> **Try it**: Nothing in the records should change; write them all out exactly.

Records drawn from a dataset
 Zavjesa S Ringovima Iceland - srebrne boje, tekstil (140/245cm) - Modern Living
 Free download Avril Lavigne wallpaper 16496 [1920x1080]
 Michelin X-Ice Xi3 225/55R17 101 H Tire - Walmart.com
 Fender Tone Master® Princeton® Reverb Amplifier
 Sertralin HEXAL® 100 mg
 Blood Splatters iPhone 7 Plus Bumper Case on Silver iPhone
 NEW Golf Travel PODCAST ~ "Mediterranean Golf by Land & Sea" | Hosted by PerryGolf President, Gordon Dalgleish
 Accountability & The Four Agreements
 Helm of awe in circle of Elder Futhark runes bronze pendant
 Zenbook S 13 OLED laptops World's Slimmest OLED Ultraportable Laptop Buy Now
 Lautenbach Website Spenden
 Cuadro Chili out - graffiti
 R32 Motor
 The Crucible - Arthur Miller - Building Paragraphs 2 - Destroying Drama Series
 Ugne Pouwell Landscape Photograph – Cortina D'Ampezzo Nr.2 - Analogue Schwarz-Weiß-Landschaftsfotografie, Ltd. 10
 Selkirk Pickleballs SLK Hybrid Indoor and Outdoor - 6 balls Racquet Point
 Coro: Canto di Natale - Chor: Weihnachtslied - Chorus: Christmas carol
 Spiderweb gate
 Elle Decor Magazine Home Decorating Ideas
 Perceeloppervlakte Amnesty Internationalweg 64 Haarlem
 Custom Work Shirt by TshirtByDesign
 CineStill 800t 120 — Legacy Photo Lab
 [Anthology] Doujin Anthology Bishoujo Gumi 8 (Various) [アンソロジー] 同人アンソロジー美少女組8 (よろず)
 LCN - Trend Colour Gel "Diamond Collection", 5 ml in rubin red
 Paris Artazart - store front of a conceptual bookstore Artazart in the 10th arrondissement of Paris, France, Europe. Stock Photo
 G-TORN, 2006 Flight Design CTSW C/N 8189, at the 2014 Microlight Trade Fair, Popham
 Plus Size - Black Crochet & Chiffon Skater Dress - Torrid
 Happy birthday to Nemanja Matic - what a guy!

> **Solution to the exercise**:
 Zavjesa S Ringovima Iceland - srebrne boje, tekstil (140/245cm) - Modern Living
 Free download Avril Lavigne wallpaper 16496 [1920x1080]
 Michelin X-Ice Xi3 225/55R17 101 H Tire - Walmart.com
 Fender Tone Master® Princeton® Reverb Amplifier
 Sertralin HEXAL® 100 mg
 Blood Splatters iPhone 7 Plus Bumper Case on Silver iPhone
 NEW Golf Travel PODCAST ~ "Mediterranean Golf by Land & Sea" | Hosted by PerryGolf President, Gordon Dalgleish
 Accountability & The Four Agreements
 Helm of awe in circle of Elder Futhark runes bronze pendant
 Zenbook S 13 OLED laptops World's Slimmest OLED Ultraportable Laptop Buy Now
 Lautenbach Website Spenden
 Cuadro Chili out - graffiti
 R32 Motor
 The Crucible - Arthur Miller - Building Paragraphs 2 - Destroying Drama Series
 Ugne Pouwell Landscape Photograph – Cortina D'Ampezzo Nr.2 - Analogue Schwarz-Weiß-Landschaftsfotografie, Ltd. 10
 Selkirk Pickleballs SLK Hybrid Indoor and Outdoor - 6 balls Racquet Point
 Coro: Canto di Natale - Chor: Weihnachtslied - Chorus: Christmas carol
 Spiderweb gate
 Elle Decor Magazine Home Decorating Ideas
 Perceeloppervlakte Amnesty Internationalweg 64 Haarlem
 Custom Work Shirt by TshirtByDesign
 CineStill 800t 120 — Legacy Photo Lab
 [Anthology] Doujin Anthology Bishoujo Gumi 8 (Various) [アンソロジー] 同人アンソロジー美少女組8 (よろず)
 LCN - Trend Colour Gel "Diamond Collection", 5 ml in rubin red
 Paris Artazart - store front of a conceptual bookstore Artazart in the 10th arrondissement of Paris, France, Europe. Stock Photo
 G-TORN, 2006 Flight Design CTSW C/N 8189, at the 2014 Microlight Trade Fair, Popham
 Plus Size - Black Crochet & Chiffon Skater Dress - Torrid
 Happy birthday to Nemanja Matic - what a guy!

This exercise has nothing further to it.